I’m also becoming less confident that his ‘reminders at the beginning of the next lecture’ are the right summaries to use; they’re much more “ok, here’s where we were, now let’s keep going” instead of “here’s the main change from the last lecture, now let’s look at the next topic in order.”
[There’s also a big inferential distance problem here, where he’s built up some jargon and summarizes his points in that jargon, which (of course) does not make the points any easier to transfer. Like, this really isn’t a substitute for the lectures yet!]
If I edited it, I’m not sure there would be anything left. :)
Yeah, I wanted to comment on that second paragraph being way overly complex, but didn’t have much to say apart from that. Your description seems apt. I hope at least he knows what he’s talking about with all these words. But in terms of communicating these ideas, that does not do the job. (And my memory is that I felt pretty much the same while watching the full lecture, even though i really like his idea of relevance realization)
The style starts to go from laid out presentation to more thinking aloud.
There are a lot of arrows going on, they have different kinds of meaning and there are two particularly ill-defined and handwavy horizontal lines.
The argument for G.I. and such “proving” that RR is unified doesn’t really go througt for me. g-factor is formulated by picking questions which have correlations on having them correct over different participants. If Intelligence or RR was a scattered thing the methodology would not be able to show that, the questions that would show capacity diversity would be ill-formed questions and not included in the tests. He is dismissing the problems as fine details but I think he is relying them in about that accuracy level, it is improper to wave them away.
One can talk about whether the g-factor is wide os small but its existence is not interesting. And existence of different kinds of intelligence points to a scattered direction. As I have understood visual-spatial reasoning can be formulated as a different dimension from language proficiency. In a school metaphor, society and students might talk alot about their “averages” but on another level they get a separate grade for each subject. That society fusses a lot over averages doesn’t mean that there is a special unified “schoolness” ability that allows one to run fast at physical education and manipulate symbols fast at math. There are other factors beside g-factor and the g-factor being supersalient because of its popularity would seem to smell like a potential illusion.

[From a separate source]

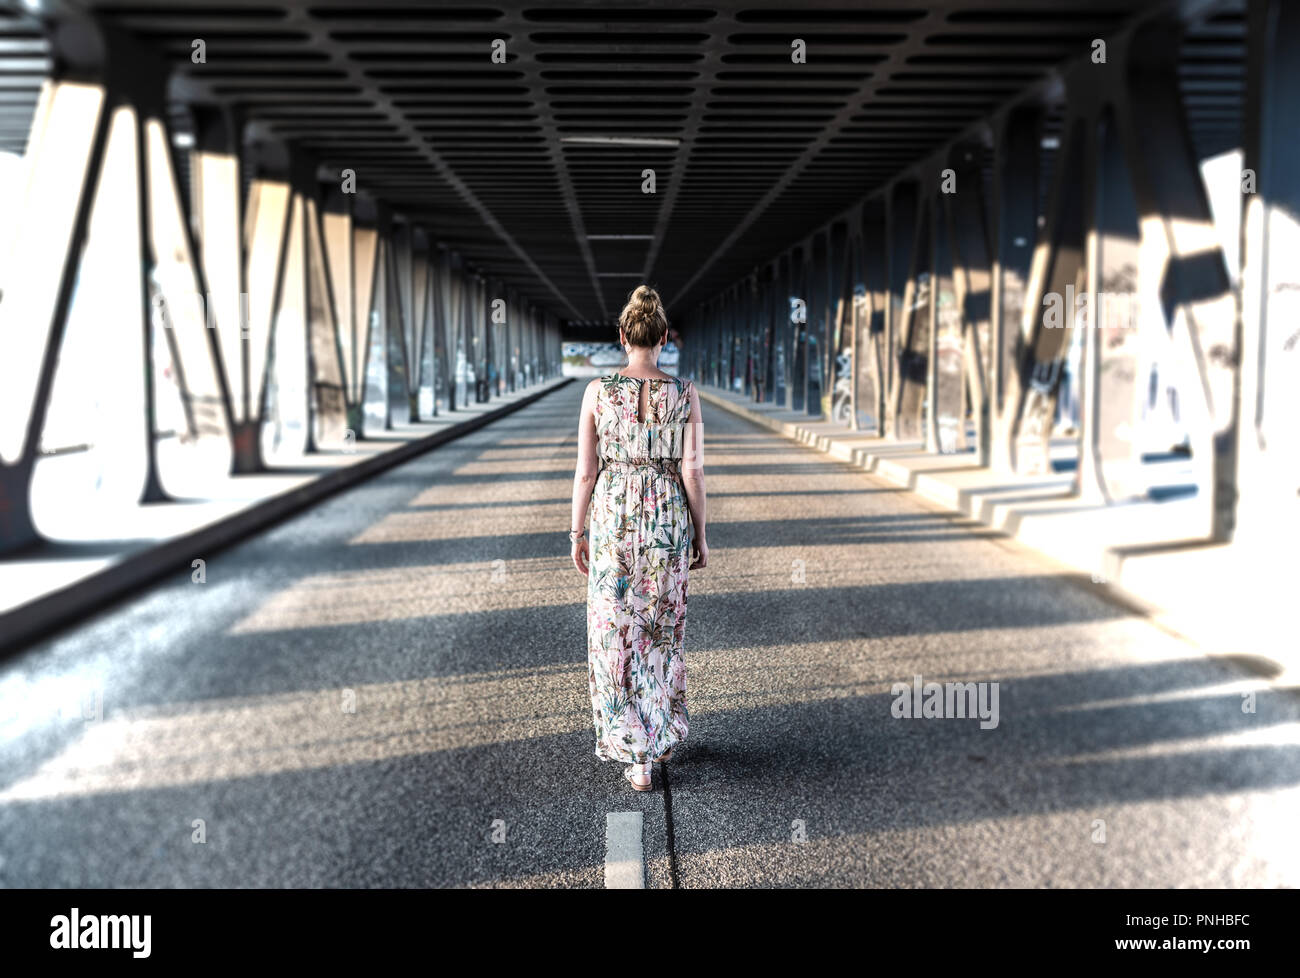 Vue arrière d'une femme en robe longue balade au milieu d'une route sous le pont Banque D'Images

The style is a bit wavy in that point we make very fine distinctions and at other points we are being very handwavy. In the parts where he refers more to work done by others it seems more of misapplication. A lot of it seems it could be interesting but it also constantly feels that details are getting trampled over left and right. It might be because I am watching partly out of order but he has theme were is is annoyed by important concepts becoming trivialized. But I realised that such trivializations are a product of relevance realization, in order to use an english idiom you primarily need its current symbolic meaning and you do next to nothing with the etymology unless you are doing a special thing like trying to search for connections between concepts. But according to RR this “cut to be fast” is the way how to be efficient and choose to do the important thing with the toys available (here the idiom). When there are lot of clever turns of phrases that reveal the subparts the revelations seems plausible and valuble but when he decries on why everybody doesn’t see the world like he sees it, that is like demanding or expecting that everybody is a philosopher or a linguist. So I am feeling that there should be more “this is what it is cool about being me” and “going along this path gedts you these kind of things” but less of “you should be more like me”, “I know who you should be”.